Mexican federal territory (1884–1917)

The Tepic Territory (Territorio de Tepic) was a federal territory of Mexico that existed between 1884 and 1917, when it was granted statehood within the United Mexican States as Nayarit.

== History ==
The Tepic Territory was created, by decree of President Manuel González Flores, on 12 December 1884. Its first political leader was General Leopoldo Romano.
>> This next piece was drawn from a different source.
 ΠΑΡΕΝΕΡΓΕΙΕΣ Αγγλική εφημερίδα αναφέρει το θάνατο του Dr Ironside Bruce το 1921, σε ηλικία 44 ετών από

During his government, and that of his successor, Pablo Rocha y Portú (1897–1904), great industrial and agricultural advances were recorded. Coffee was grown in the towns of Huicicila, Malinal, El Llano, Mecatán, Jalcocotán and El Cora; cotton, in Santiago Ixcuintla and Tuxpan, from where it was supplied to the factories of Jauja and Bellavista.

Within the industrial sphere, the sugar mills of Puga and La Escondida saw a great economic boost. The Cigarrera de Tepic was created, whose cigars and cigarettes were considered top quality worldwide. Other cigarette factories were El Tráfico and El Amigo del Pueblo. At the end of Leopoldo Romano's government, workers' struggles began. In 1894, Francisca Quintero organized a work stoppage at the Bellavista textile factory. Two years later there was a strike in Jauja and in 1905 the Elías brothers led another strike in Bellavista.
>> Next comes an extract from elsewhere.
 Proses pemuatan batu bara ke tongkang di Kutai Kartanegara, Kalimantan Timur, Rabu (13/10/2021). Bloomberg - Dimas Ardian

When the Mexican Revolution broke out, the population of Ixtlán del Río was the first to take up arms against the authoritarian regime of Porfirio Díaz.

In 1911, General Martín Espinosa defeated the Porfirist forces, entered Tepic on 26 May of that year, and was immediately named political leader, replacing Mariano Ruiz (1904–1911). After the 1913 coup d'état led by Victoriano Huerta, Espinosa was overthrown; he was replaced with Huertista Jesús López de Haro, who resigned two months later, in favor of another Huertista, Agustín F. Migoni, who remained in power for five months, being succeeded by Domingo Servin, the last Huertista political leader. In the same year, troops of Rafael Buelna and Isaac Espinosa entered the territory. Servin was overthrown and the local population appointed the young Buelna as their leader. However, months later, he was replaced by Juan Dozal. In 1915, conflicts between Villistas and Constitutionalistas began. The discord reached the territory, where Dozal was overthrown; he was replaced with General Juan Carrasco. Carrasco left power two months later, being succeeded by Ernesto Damy, who in turn left power in the hands of General Juan Torres Sur (1915–1917). During the period of this political leader there was no longer any fighting and the territory began to recover. In 1916, the first labor union was created.

In the first general vote, the local population elected Juan Espinosa Bávara, Cristóbal Limón and Marcelino Cedano to the Constituent Congress of Querétaro, where the Territory of Tepic was transformed into Free and Sovereign State of Nayarit.

== Culture ==
In poetry Amado Nervo, Antonio Zaragoza, Quirino Ordaz and Solón Argüello stood out. In music, Manuel Uribe and Alejandro Manzo stood out as composers. The latter was the author of Las Mañanitas Tepiqueñas and Aires Nayaritas.

== Public works ==
 1897: Drinking water is introduced in Tepic.
 1909: The Mazatlán–Acaponeta railway is completed.
 1911: The first trip by car is made on the route San Blas–Tepic–Mexico City.
 1912: The Vice President of Mexico, José María Pino Suárez, inaugurated the Acaponeta–Tepic railway section.